Directions: The lines below, from the one containing "LONDON, ENGLAND - NOVEMBER" through the one containing "Ura Baito: Toubou", should be set down exactly, with no pictures and nothing else.

Information given:
● ● ●

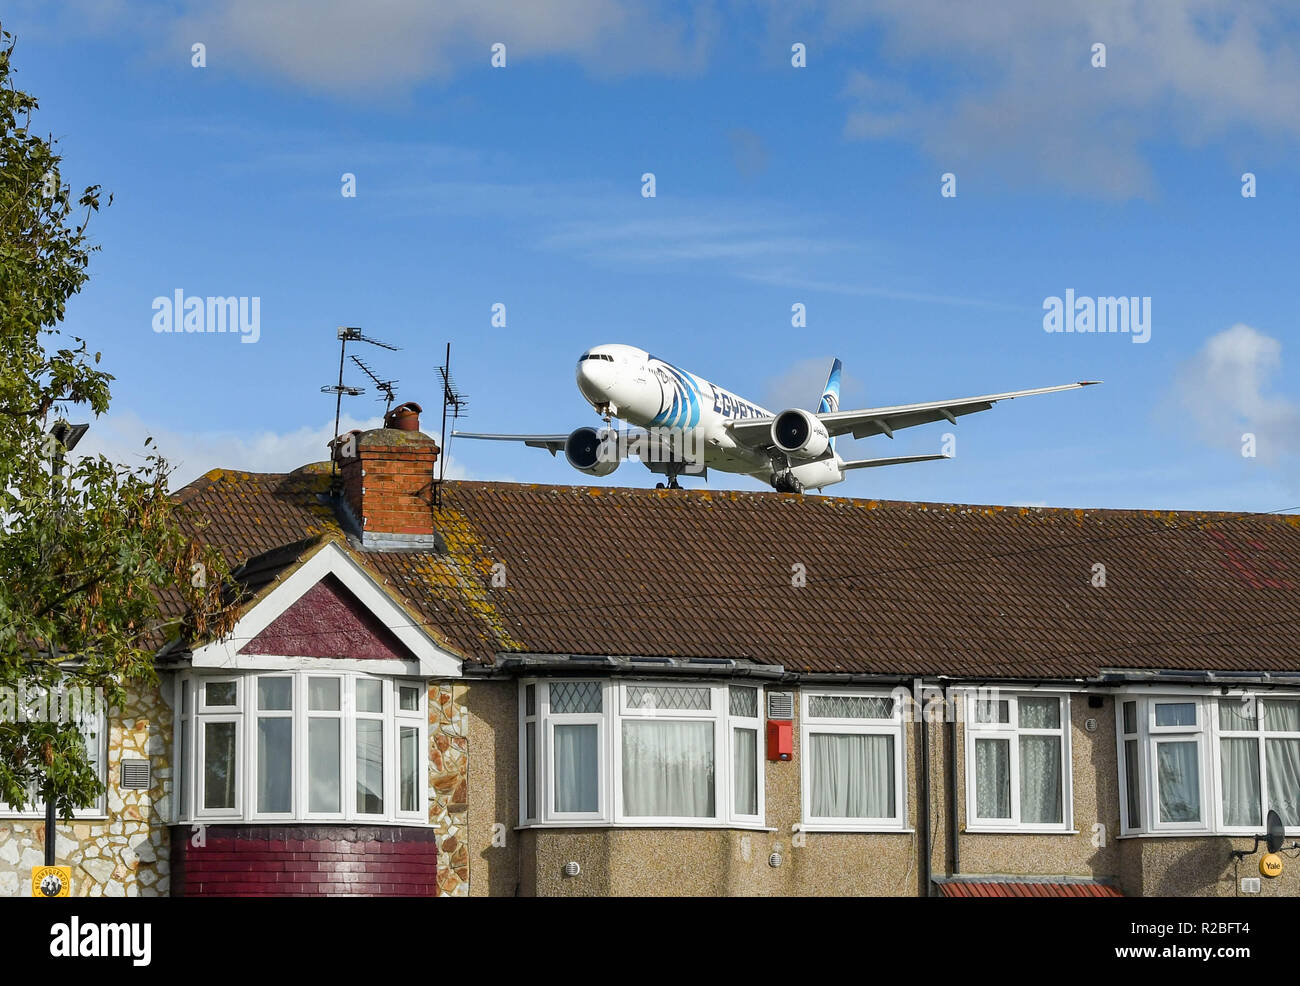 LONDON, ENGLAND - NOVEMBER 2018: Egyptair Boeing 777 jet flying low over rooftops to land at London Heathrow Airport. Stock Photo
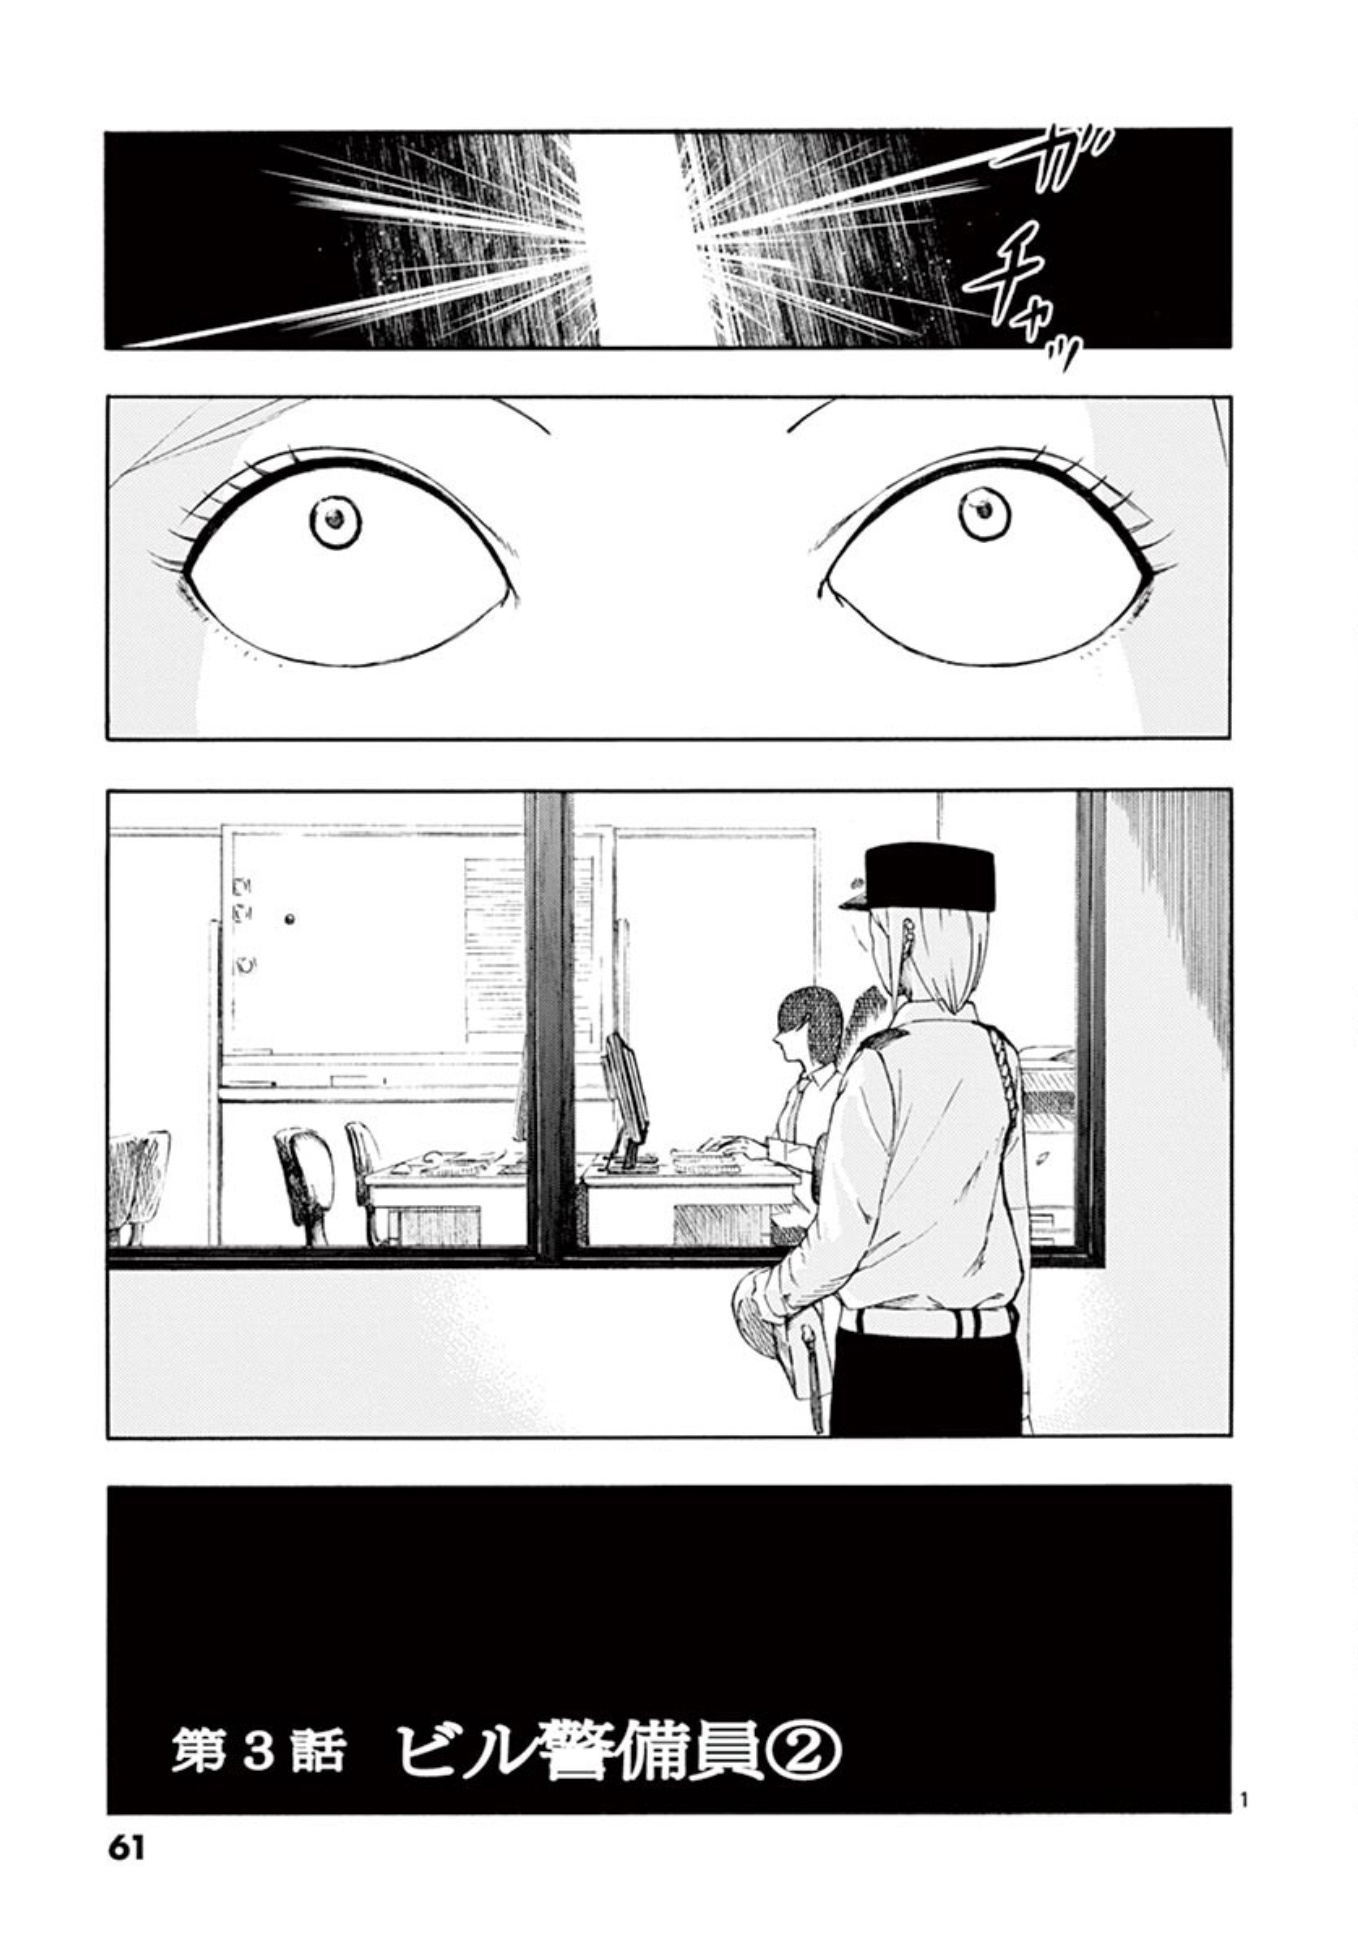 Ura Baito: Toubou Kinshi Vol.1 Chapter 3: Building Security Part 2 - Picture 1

● ● ●

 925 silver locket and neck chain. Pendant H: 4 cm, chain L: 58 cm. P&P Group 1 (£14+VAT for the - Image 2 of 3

● ● ●

Exercise answer:
 LONDON, ENGLAND - NOVEMBER 2018: Egyptair Boeing 777 jet flying low over rooftops to land at London Heathrow Airport. Stock Photo
 Ura Baito: Toubou Kinshi Vol.1 Chapter 3: Building Security Part 2 - Picture 1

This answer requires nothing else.